In the case of olives, there are no studies explicitly analyzing the influence of temperature on the fruit, especially in its electrical parameters, although its effect is known in certain mechanized olive processing procedures. This is the case, for example, in the industrial olive pitting process [5], which is done by automatic machines where clamps are used to trap the olive, while a punch needle goes through the clamps and, consequently, the olives, causing them to be de-stoned. This type of machine reaches a considerable pitting speed, which obviously means a minimum cost per unit or fruit de-stoned. However, the very clamps that hold the fruit in place and the de-stoning tool cause breakage in a considerable number of olives during normal operation, which can be to the order of 14%, especially in the “Gordal Sevillana” olive variety. While the productivity of these pitting machines makes them more cost-effective despite the percentage of olive breakage compared to previous de-stoning systems, these machines present a serious problem, as the percentage of broken olives is quite considerable.

While mechanical solutions reducing the percentage of olive breakage in such de-stoning machines do not exist, it has been proven that cooling the olives prior to pitting minimizes the problem to the point that, with adequate refrigeration, the percentage of broken olives during the pitting process is to the order of 2%, for the “Gordal Sevillana” olive variety previously cited.

Furthermore, the current consumer trend for lower salt and acidity [6] means that a significant proportion of the olives deteriorate during the time they spend in fermenters. After a few months at an average temperature of 25 °C, the probabilities of having a significant loss of product in the pitting process are very high, due to a loss in firmness in the olives, especially the larger ones, which are the most in demand on the market. By cooling to temperatures close to 7 °C (in some cases it reaches 0 °C, depending on the cooling system and the costs the company wants to take on in the process), it is possible to increase the firmness of the olives while maintaining all of their characteristics, thereby reducing the loss of product due to the olives having a more rigid texture. In addition, this cuts down on the hours the machine is working, meaning a decrease in machine jams and hours when the punch needles are stopped.

One way of characterizing the state of the olives prior to de-stoning would be by doing an electrical impedance measurement on a representative sample. As will be demonstrated in this study, the electrical impedance of the olive pulp is not only affected by the olive variety or the type of industrial processing (green “Sevillana Style” or black “Californian Style” olives) [7], but also by the temperature.
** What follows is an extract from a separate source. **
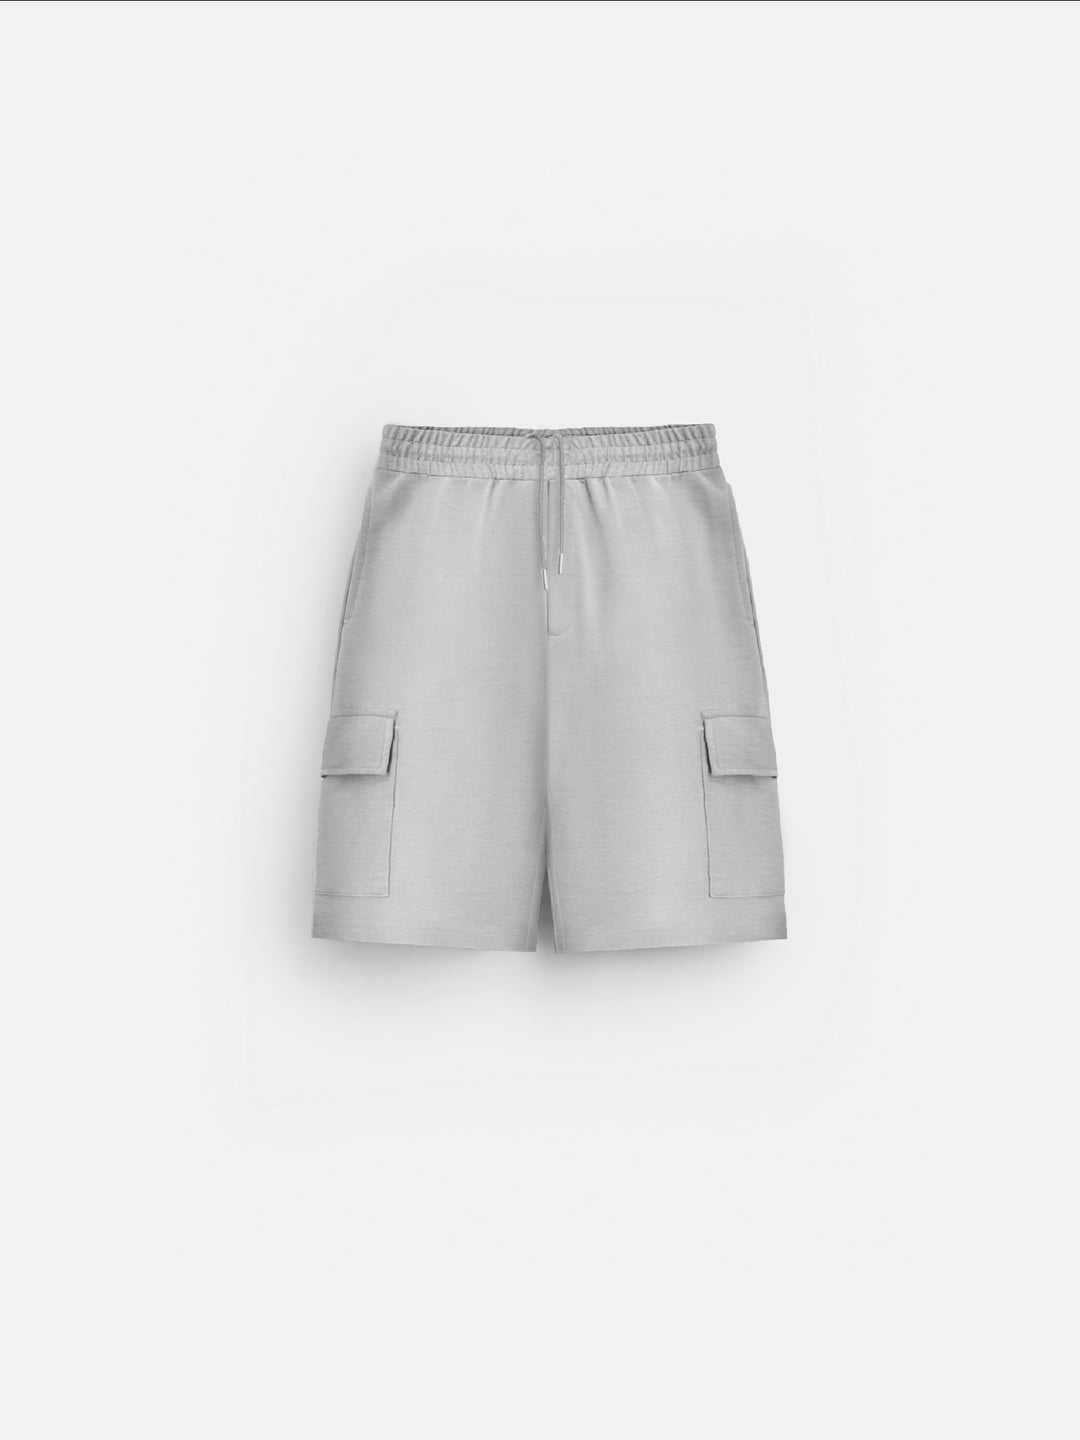 Loose Fit Pocket Shorts - Grey

For this reason, characterizing this electrical parameter versus the temperature (especially between 7 °C and 0 °C) for a given type of industrial processing would show whether or not olives are apt before pitting.

1.2. Electrical Impedance: Measurement

The determination of electrical properties is used in a wide range of disciplines and industries [8]. In the agri-food sector, the use of electrical conductivity is applied for the determination of diverse characteristics in agri-food products [9,10] such as frost sensitivity, freezing tolerance, moisture content, and seed germination [11]. The use of electrical impedance spectroscopy is a technique that can provide very good results in the maturity stage of fruit and vegetables. In this paper, we are going to focus on a System on Chip (SoC) capable of a complex impedance measurement: the SoC AD5933 [12].

Impedance is a parameter of great importance to the characterization of circuits and electronic components [13], as well as the materials used in their production. Impedance (Z) is generally defined as the total opposition a device or circuit offers to the flow of an alternating current (AC) to a specific frequency, and it is represented as a complex number with a graphic representation on a complex plane. An impedance vector consists of the real part (resistance, R) and the imaginary part (reactance, X). Impedance can be expressed by using the rectangular coordinates in the form of R + j·X, or in the polar form as a magnitude and phase angle: |Z|∠Ø [14].

The instruments most commonly used to measure impedance are: the LCR meter or LCR bridge and the impedance analyzer. The first provides a simple and exact impedance measurement for a specific frequency value. However, for components other than pure inductors (L), capacitors ©, or resistors (R), it is inadequate to determine value. In these cases, an impedance analyzer is used to measure and graphically represent the complex impedance of the device being tested over a range of frequencies [15]. As they are high cost devices [16,17], the reason why designs using LCR meters (which are cheaper) exist, is to obtain a system impedance analyzer combining it with virtual instrumentation [12,18].

There are various configurations for the design of impedance measuring bridges such as Schering [19] and the Maxwell bridge [20]. The difficulty with these is that they need to have the balance condition. Moreover, they are generally used for pure inductive or capacitive impedance measurements. In order to obtain the complex impedance, electronic methods are used, such as the vectoral method and the method using two quadrature sinusoidal waves [21,22].Another way to measure the complex impedance is the three-voltage method [23]; however, this requires voltages to be raised to the square, which makes the measurement errors greater, in addition to the fact that it requires very precise instruments to run the measurements.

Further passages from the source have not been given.